Before you start giving away your startup equity goodies, here is some food for thought startups should keep in mind when it comes to compensating a startups advisor.

If you decide to bring on an advisor to assist with market traction (and overall success) it is common to have a written agreement in place to protect both the startup and the advisor. This agreement is typically called an “Advisor Agreement” or an “Advisor Letter” and works great in managing expectation on all sides.

The Agreement speaks to things like advisor compensation like incentive equity and vesting schedule, and manages expectations by way of clearly defined Terms and Conditions. Other important matters, like intellectual property protection and ‘idea protection’ (confidential information clause) should also be discussed and included in the Agreement. Even though most VCs and Advisor may balk at the thought of an NDA clause, having an Agreement that generally protects your startup’s confidential information is great in any worst case scenario.
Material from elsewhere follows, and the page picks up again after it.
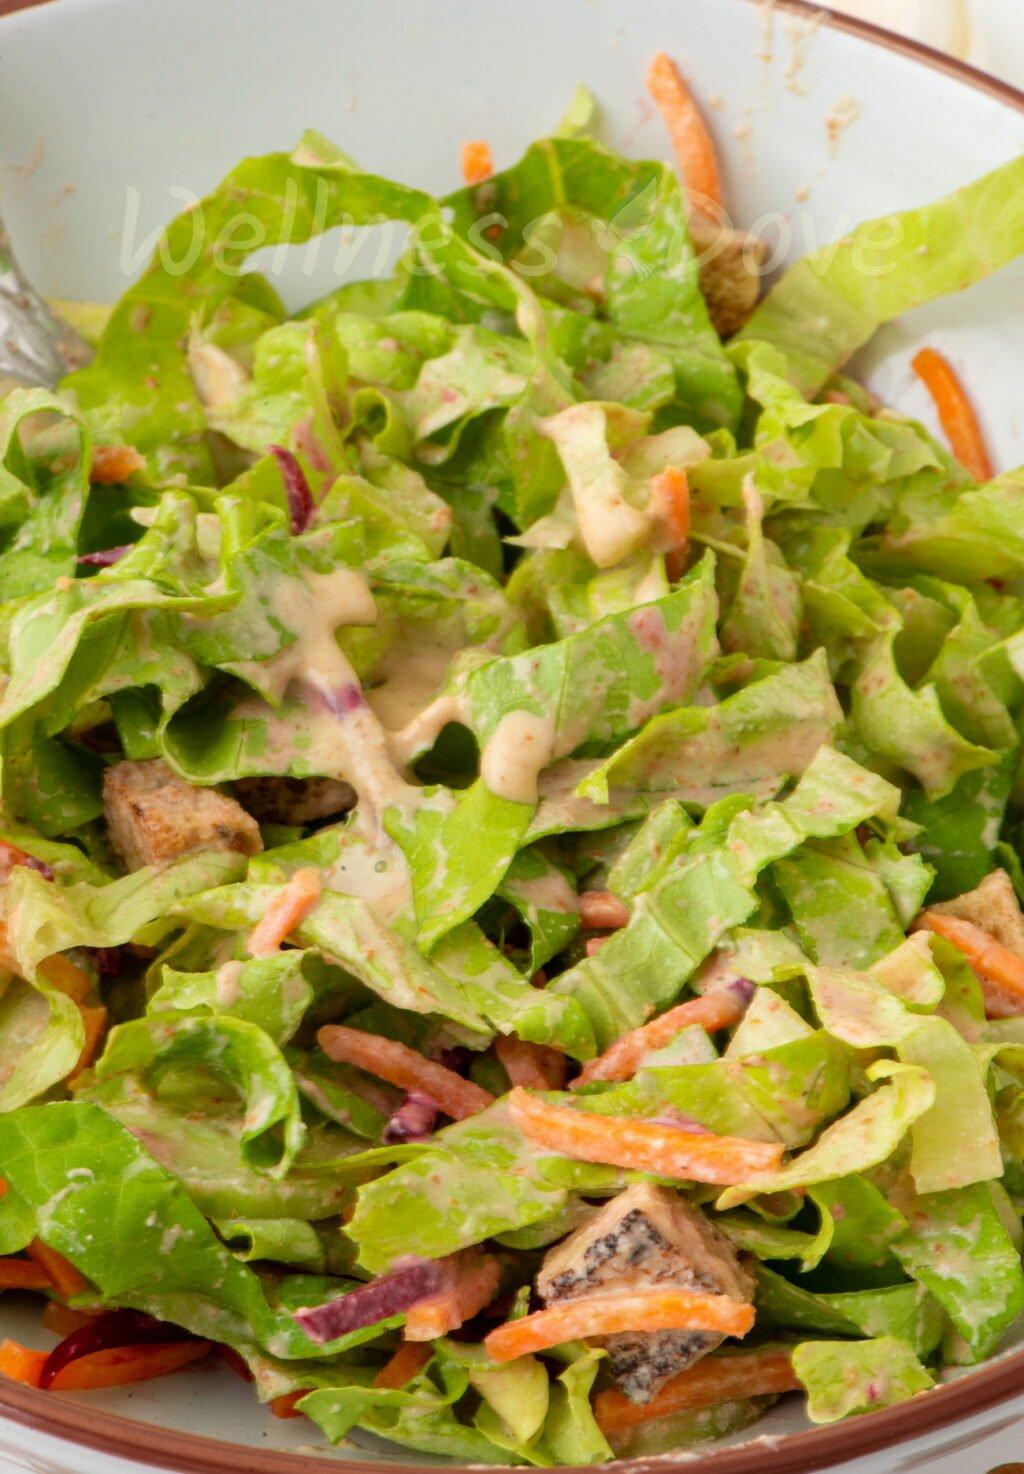 vegan no oil salad dresssing

Bottom line: Remember, an Advisor should like what your company is doing and believe in its success. If they do, they will likely entertain your Advisor Agreement and be open to signing on the dotted line when it matters- so protect your startup!

Disclaimer: Remember, this is not legal advice! This is for general information and educational purposes only. This does not create an attorney-client relationship, nor does this substitute for attorney advice, so please do not rely on this for anything but a conversation starter.